Open a new terminal (Tty) tab, locate to our newly created directory es_tutorial if required, and inside the directory, enter the following commands:

curl -O https://artifacts.elastic.co/downloads/kibana/kibana-7.9.1-linux-x86_64.tar.gz
tar -xvzf kibana-7.9.1-linux-x86_64.tar.gz
cd kibana-7.9.1-linux-x86_64/
./bin/kibana

Make sure that Elasticsearch is up and running before you could set up and start Kibana. In the next section, let’s start all our installed components and check if the stack that we had built does the log aggregation for us.

Testrun

Assuming that we have individual tabs open for each component, let’s start them one by one in the same order given below:

./bin/elasticsearch
./bin/kibana
# logstash-7.9.1
./bin/logstash -f ./config/pipeline1.conf --config.reload.automatic
# filebeat-7.9.1
./filebeat -e -strict.perms=false -c filebeat.yml -d "publish"

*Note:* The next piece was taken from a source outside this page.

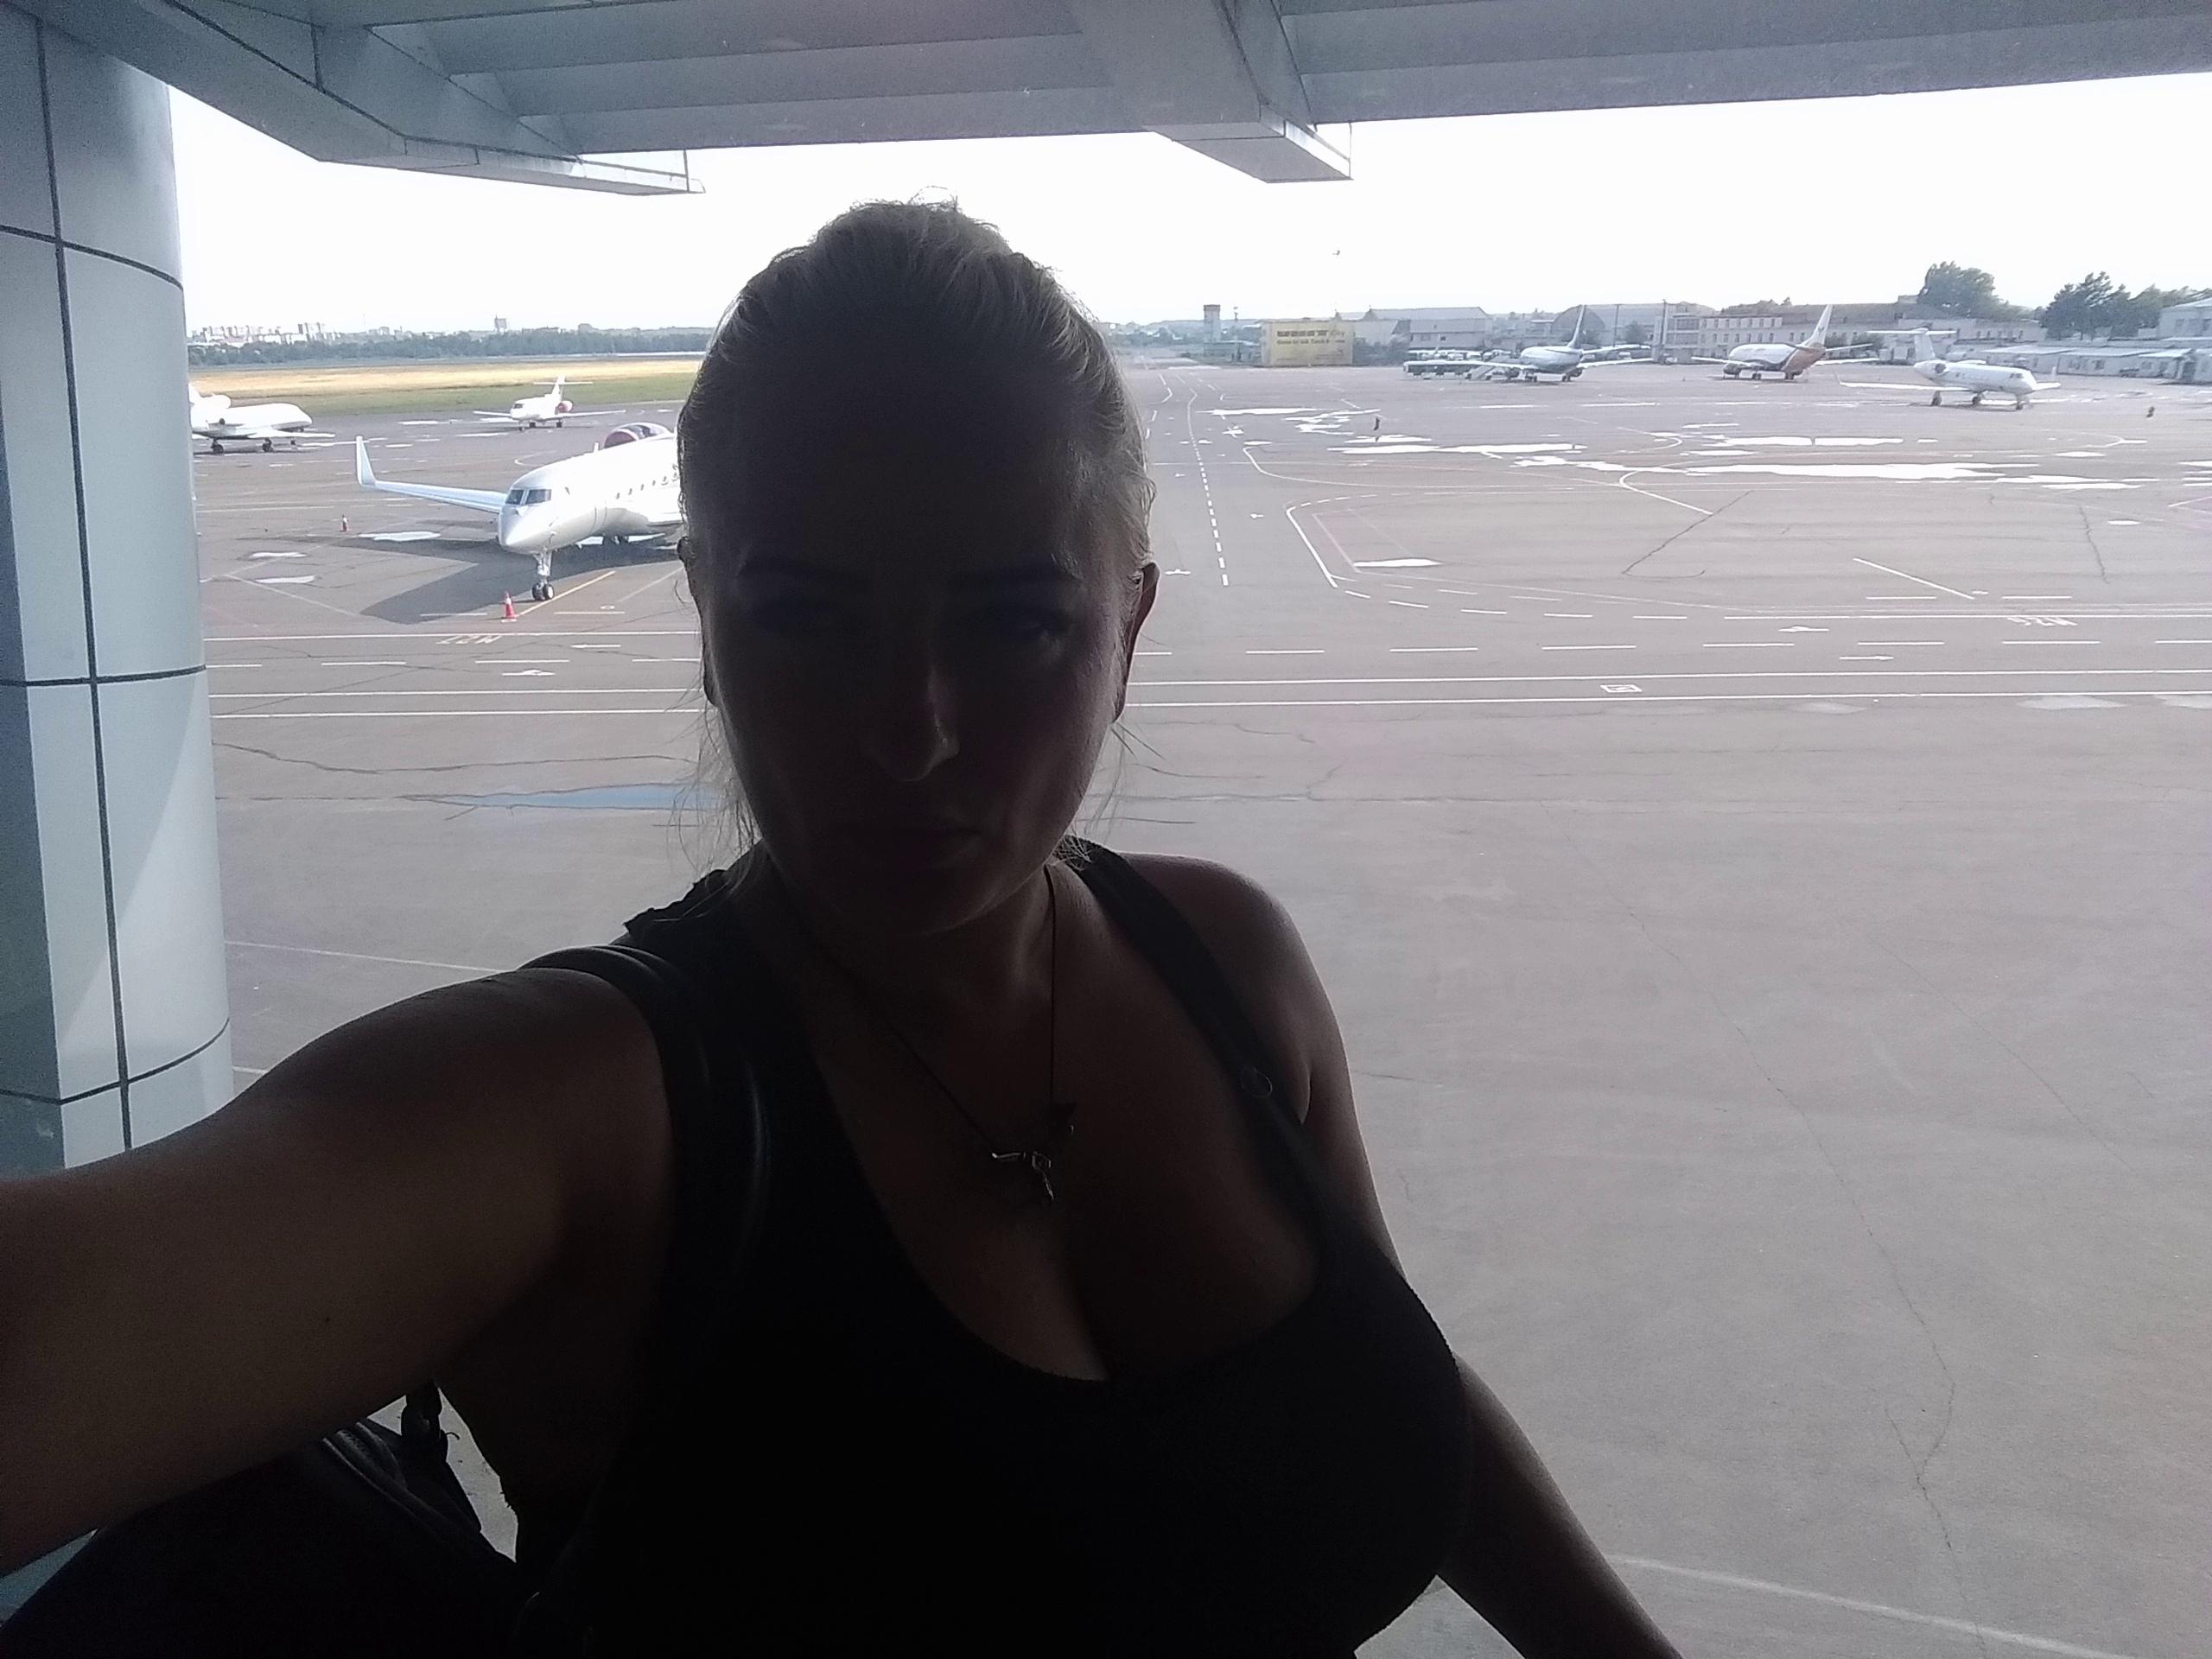 Елена Руденко (Валтея). Украина. Киев. Фото и описание.  JXAnmughIiY

Now that our components are running, let’s open the browser and locate the URL: http://localhost:9200/_cat/indices. This will list the indices available. You can find a new index with the format: tutorial-YYYY.MM.DD. This contains the rows of logs indexed as documents which can be verified by locating to http://localhost:9200/tutorial-YYYY.MM.DD/_search as shown in the following video:

Visualizing Data in Kibana

The logs can be visualized in Kibana by setting up the index pattern.Locate the URL: http://localhost:5601 and follow the steps given in the following video:

Dashboards can be created in Kibana on top of these index patterns and the data can be visualized.

ELK Stack is a really good open-source option for creating a log aggregation framework and the practical applications of the stack can be enormous. With the good logging practices, this platform can even help you create a real-time dashboard of your business.